Emit a verbatim copy of the lines below from the line with "Bizet: The Complete Piano Works" through the line with "Bicycles locked up", excluding pictures and everything outside that range.

GIVEN RECORDS:
┏━━

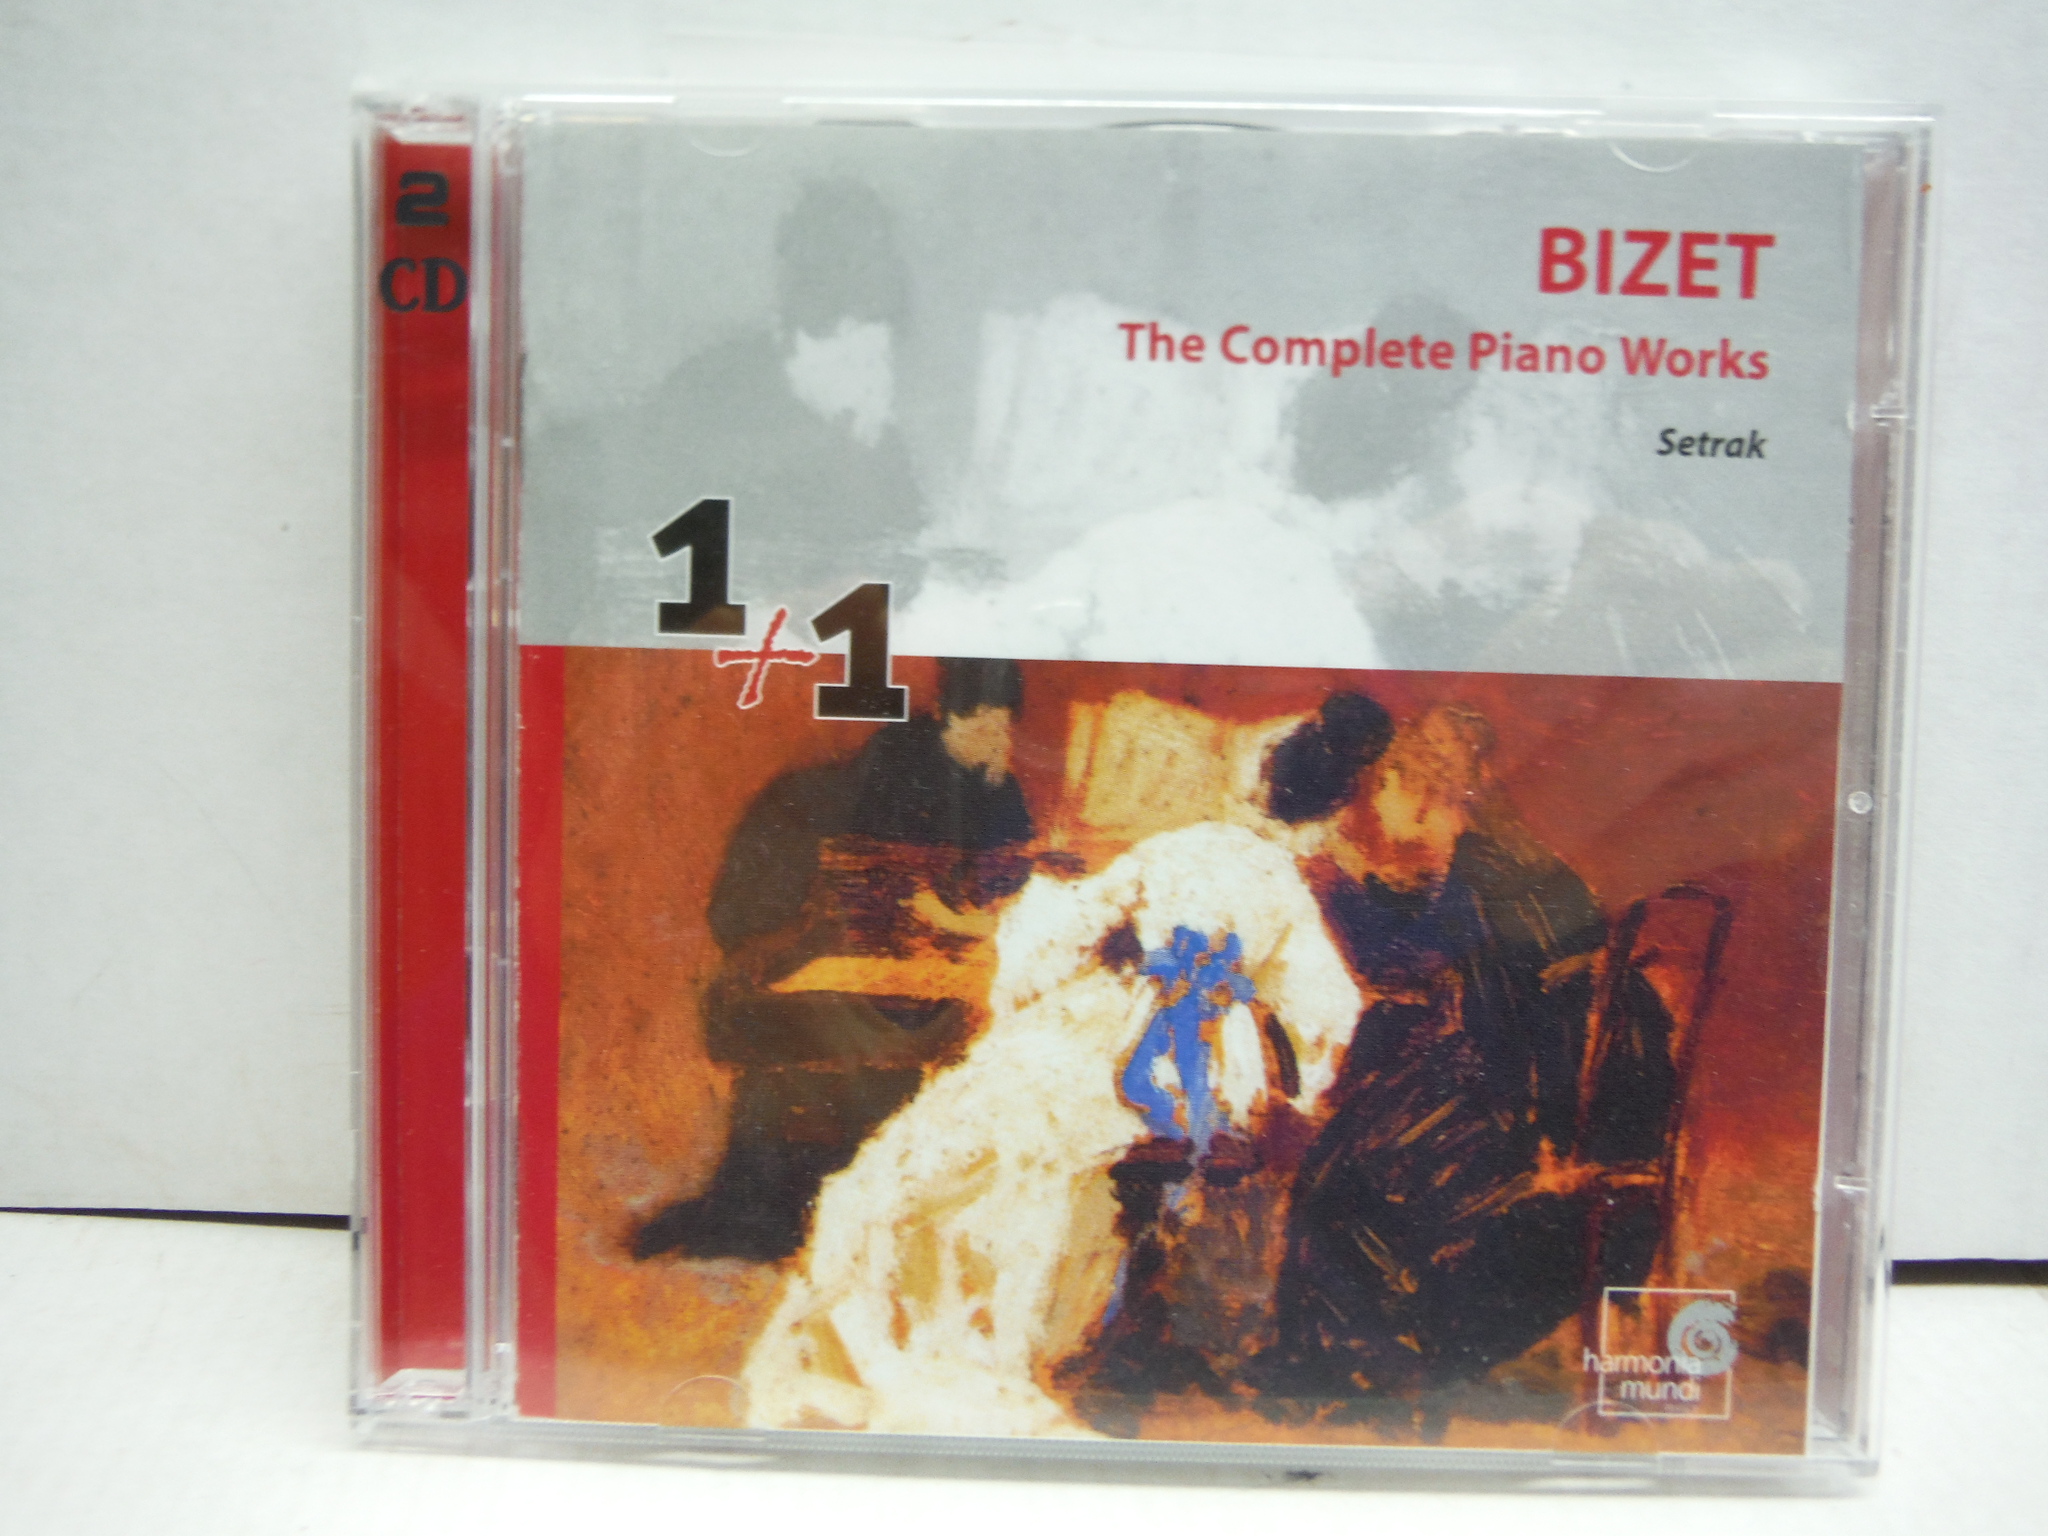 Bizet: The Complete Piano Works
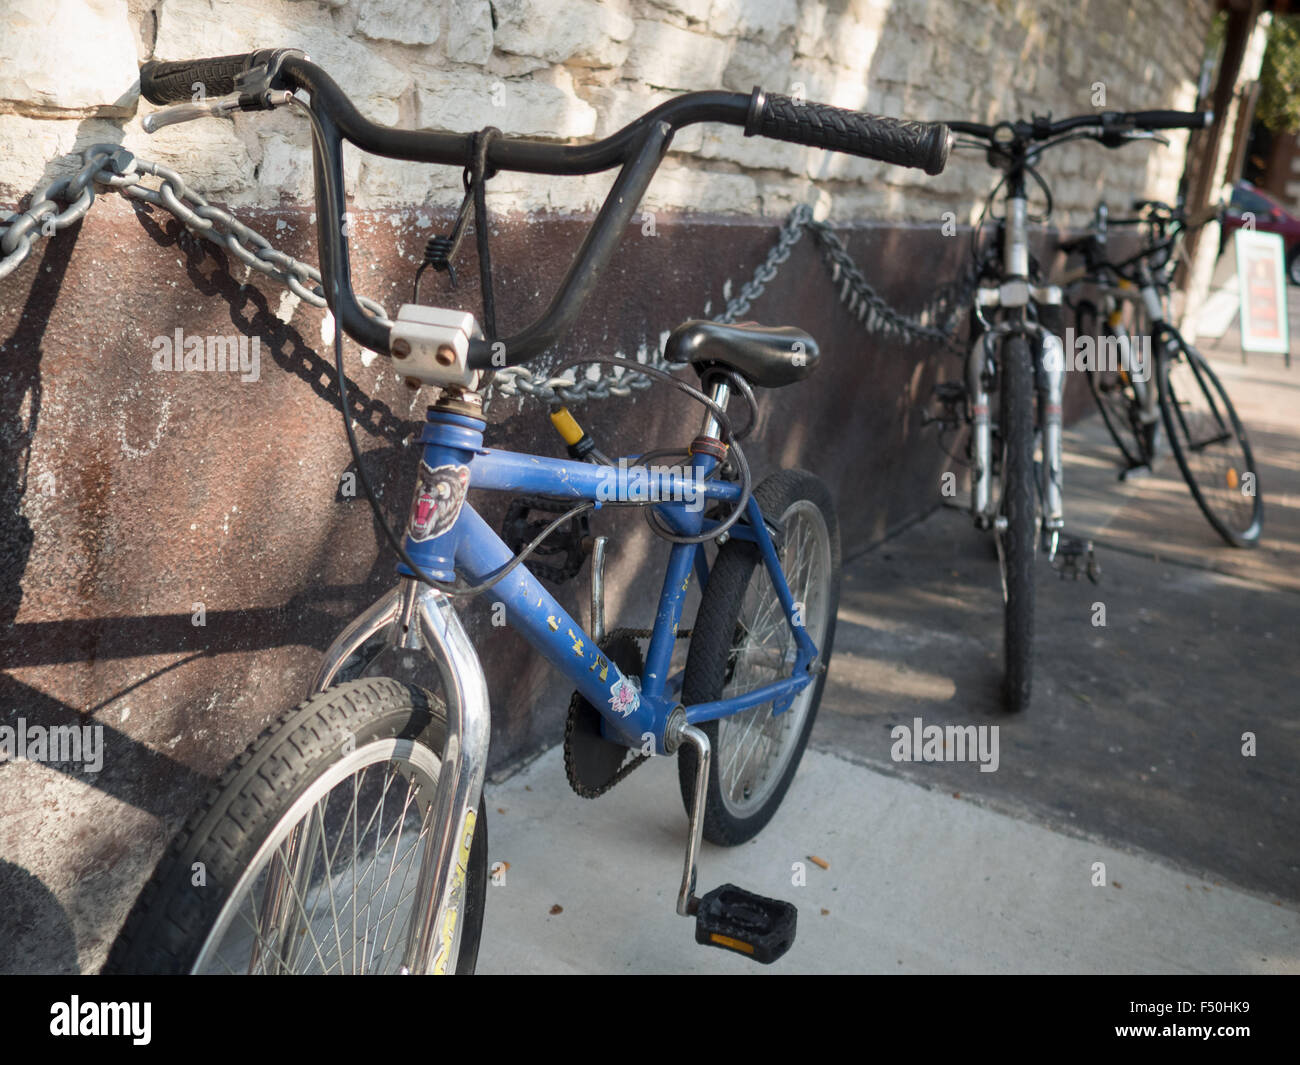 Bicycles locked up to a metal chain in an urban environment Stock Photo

┗━━
┏━━

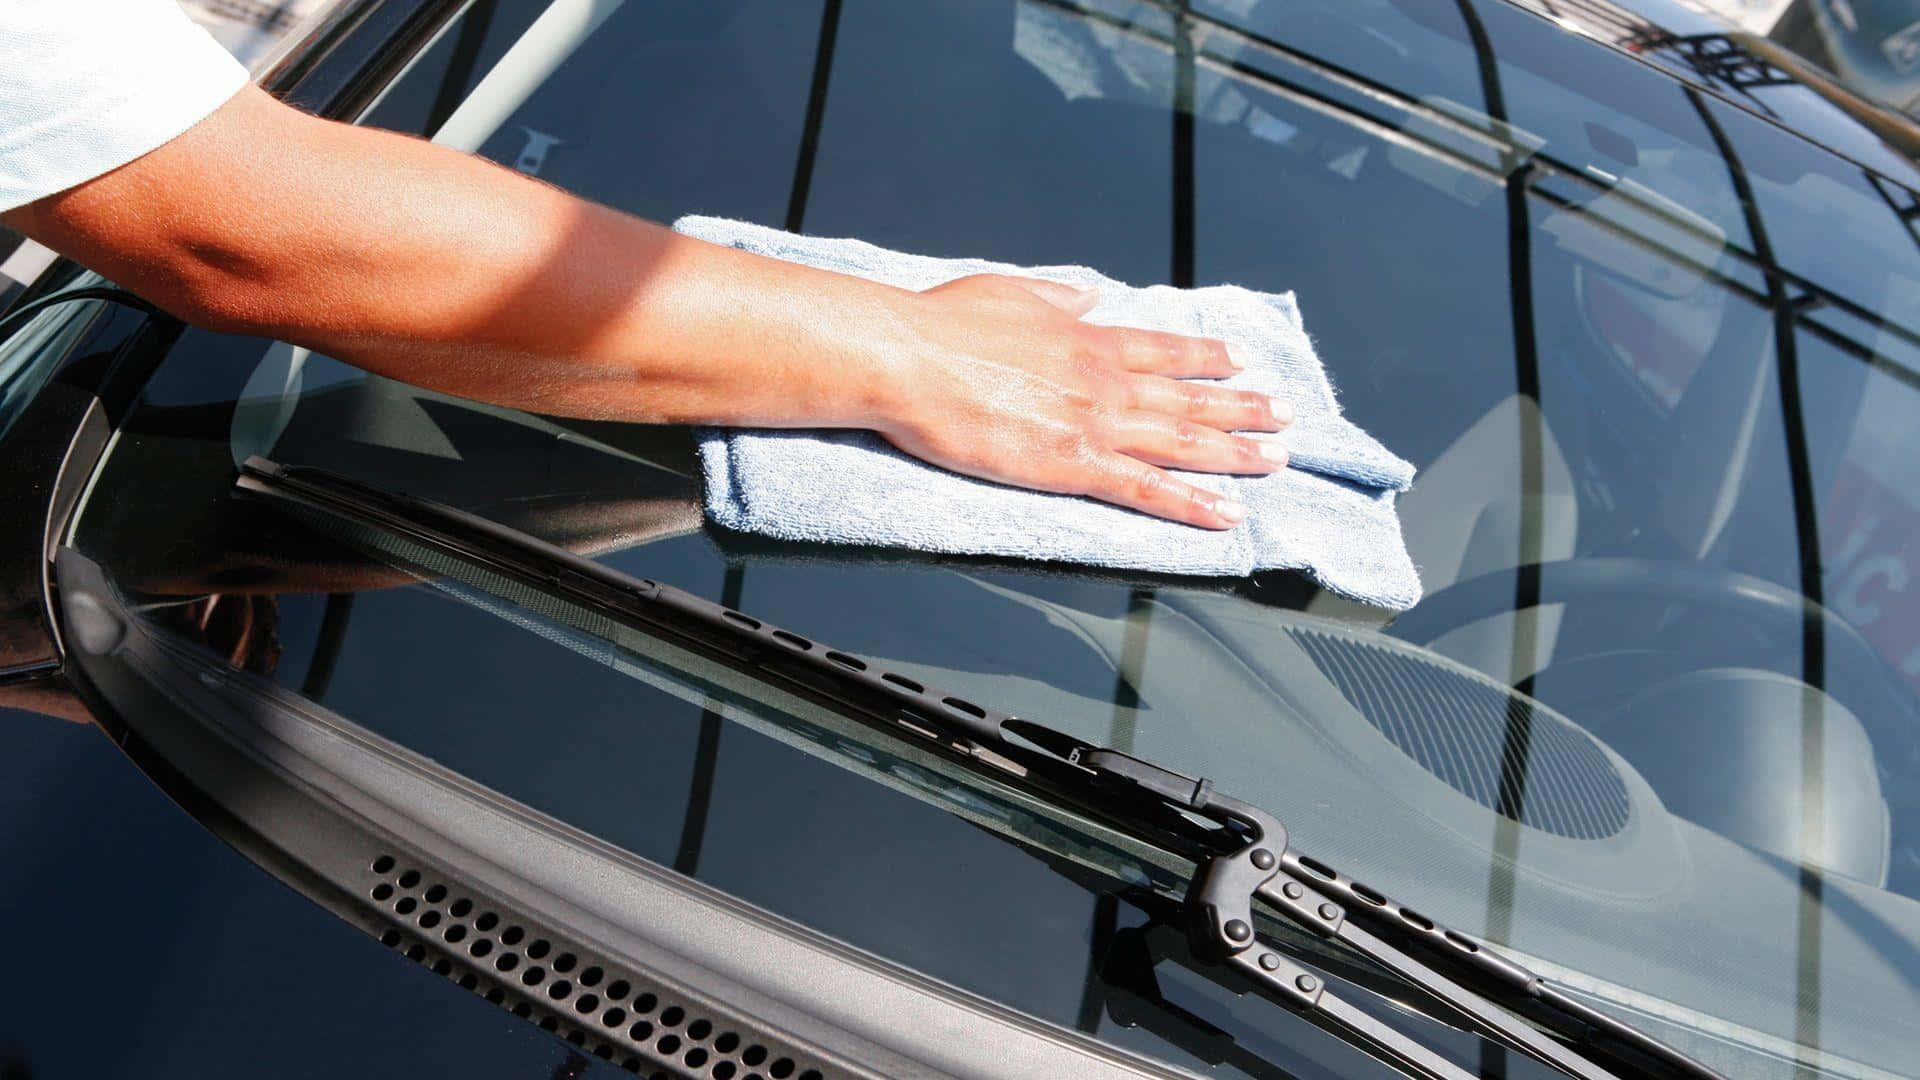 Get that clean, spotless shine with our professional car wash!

┗━━

ANSWER SPACE:
 Bizet: The Complete Piano Works
 Bicycles locked up to a metal chain in an urban environment Stock Photo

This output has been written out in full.